Task statement: Below is a listing; retype exactly the lines between the one containing "Celebrity Corporate Club-Glide Holidays" and the one containing "Retro cloud orange", inclusive, minus the pictures.

Data shown:
Segment Open
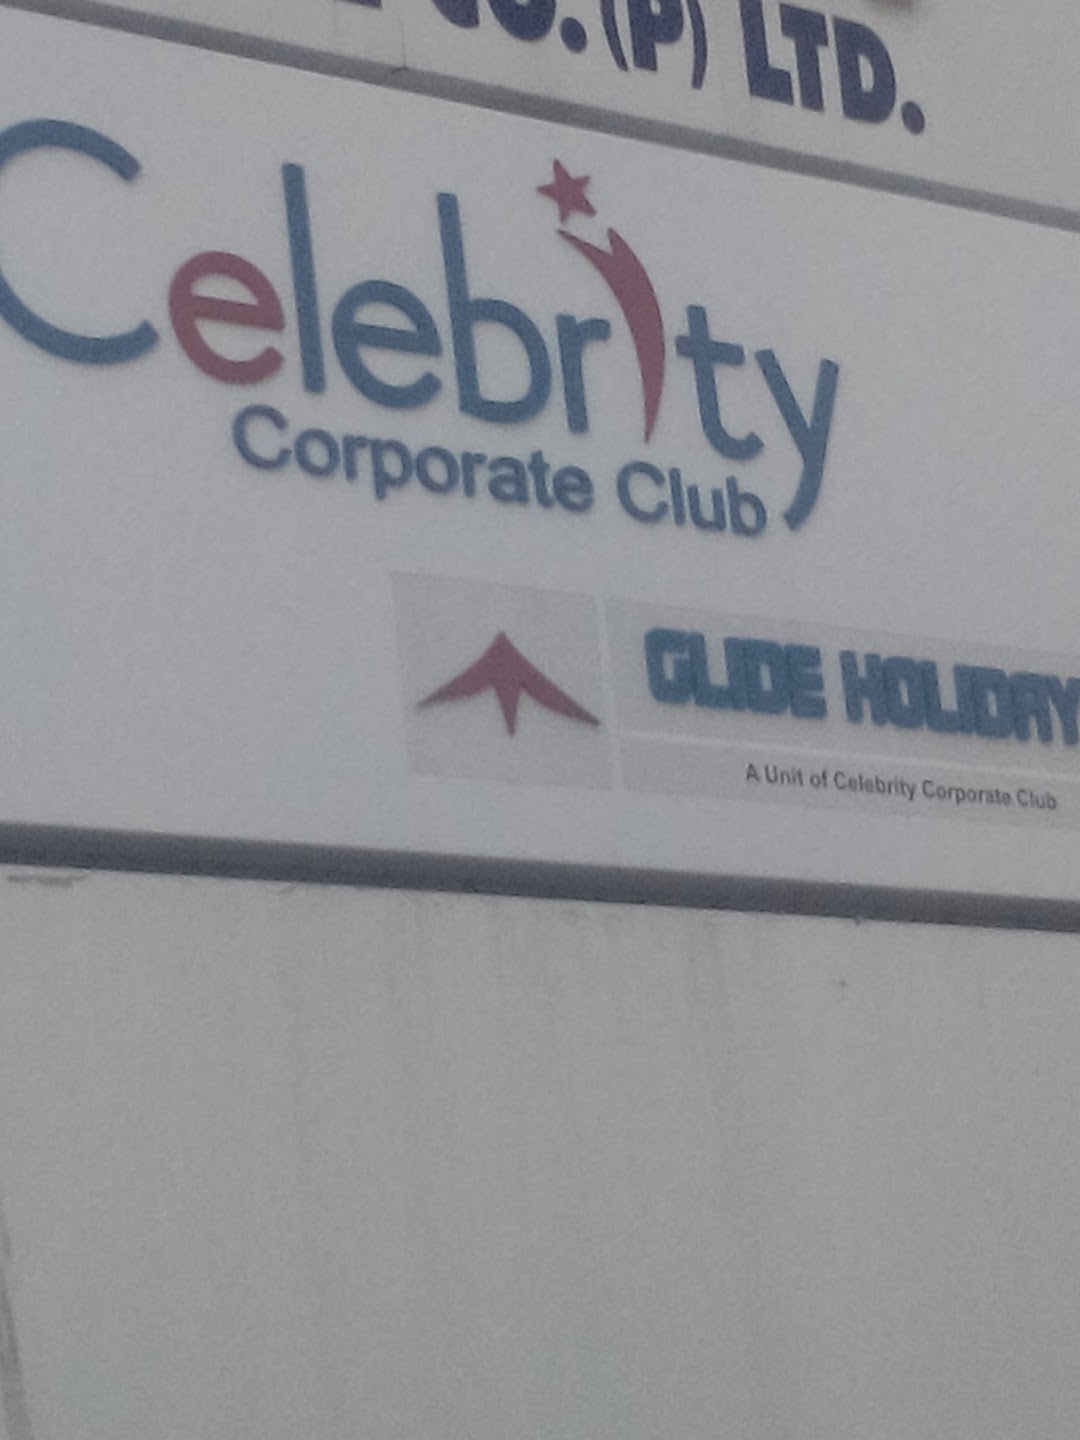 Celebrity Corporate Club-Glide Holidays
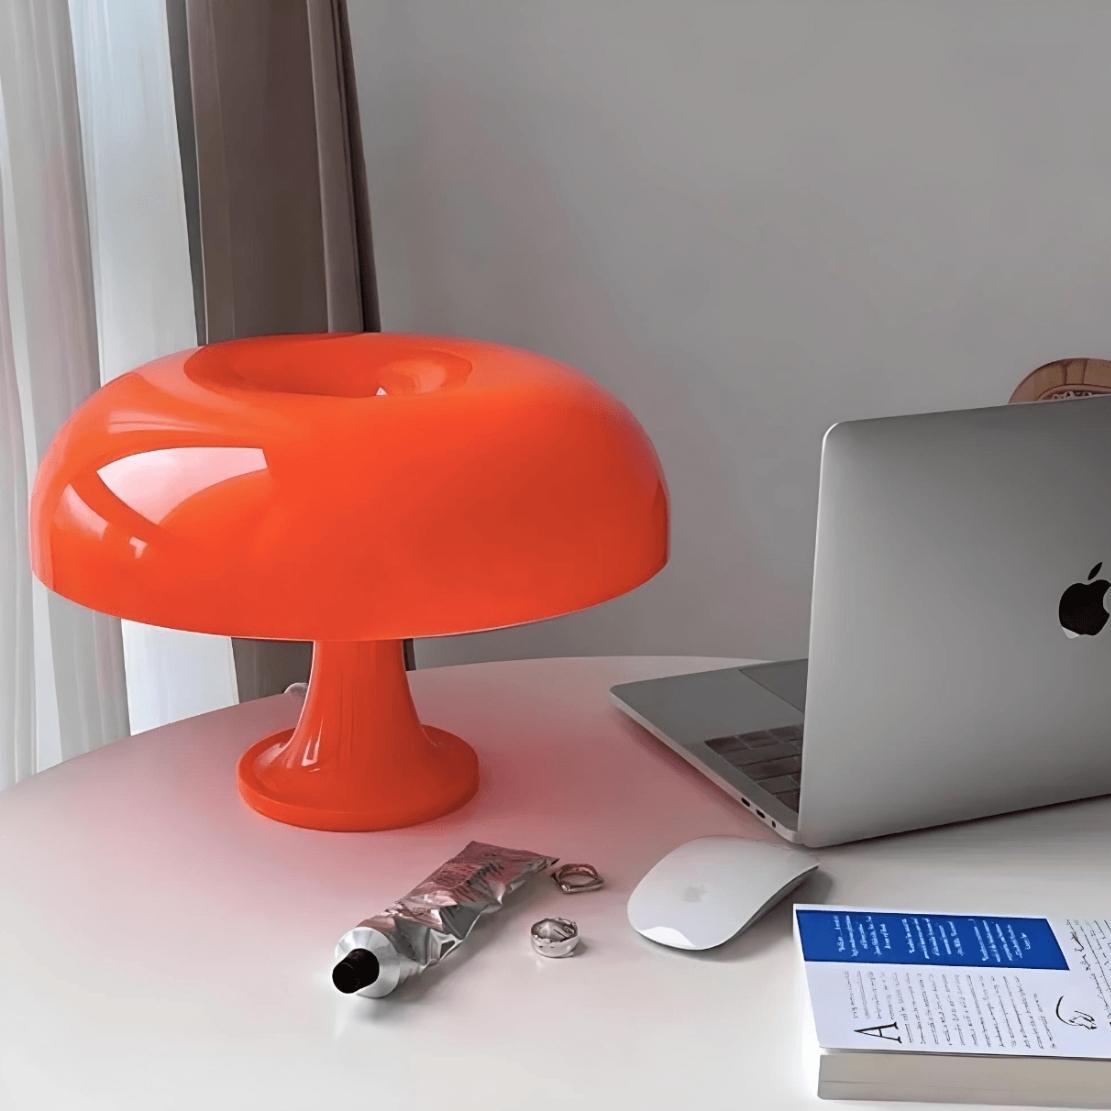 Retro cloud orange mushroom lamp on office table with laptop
Segment Closed
Segment Open
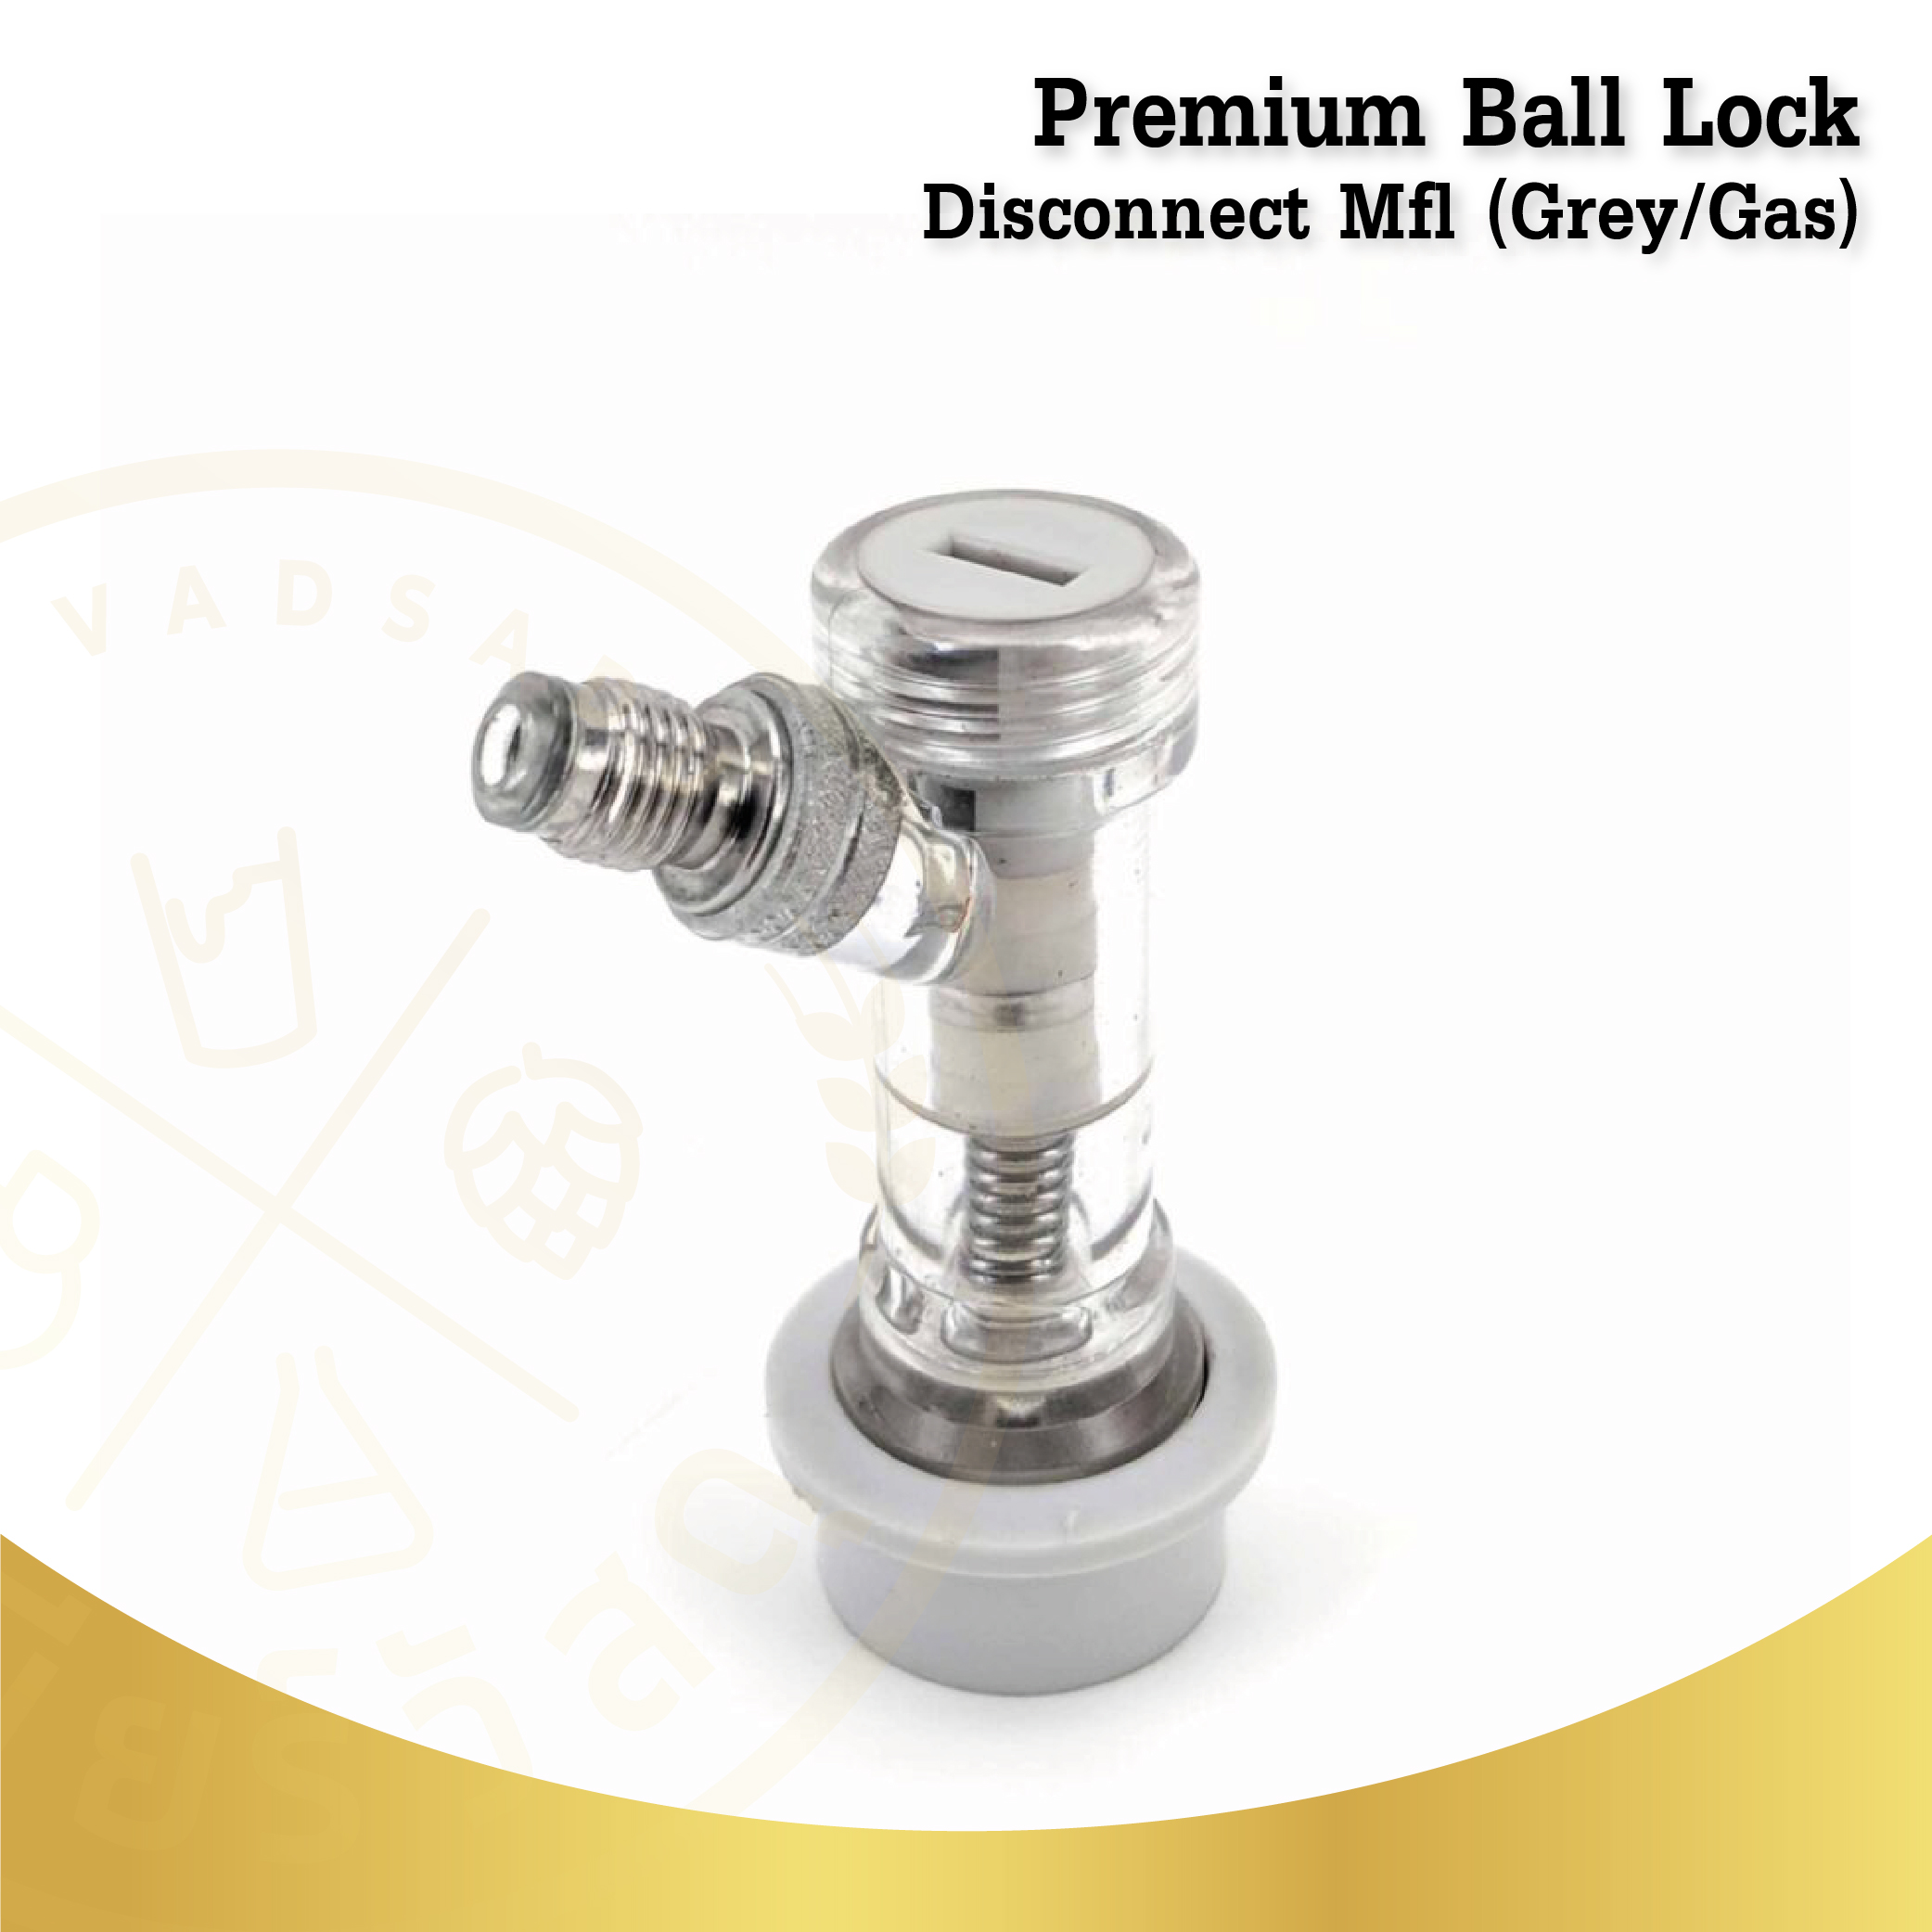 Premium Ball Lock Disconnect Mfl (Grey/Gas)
Segment Closed
Completed exercise:
 Celebrity Corporate Club-Glide Holidays
 Retro cloud orange mushroom lamp on office table with laptop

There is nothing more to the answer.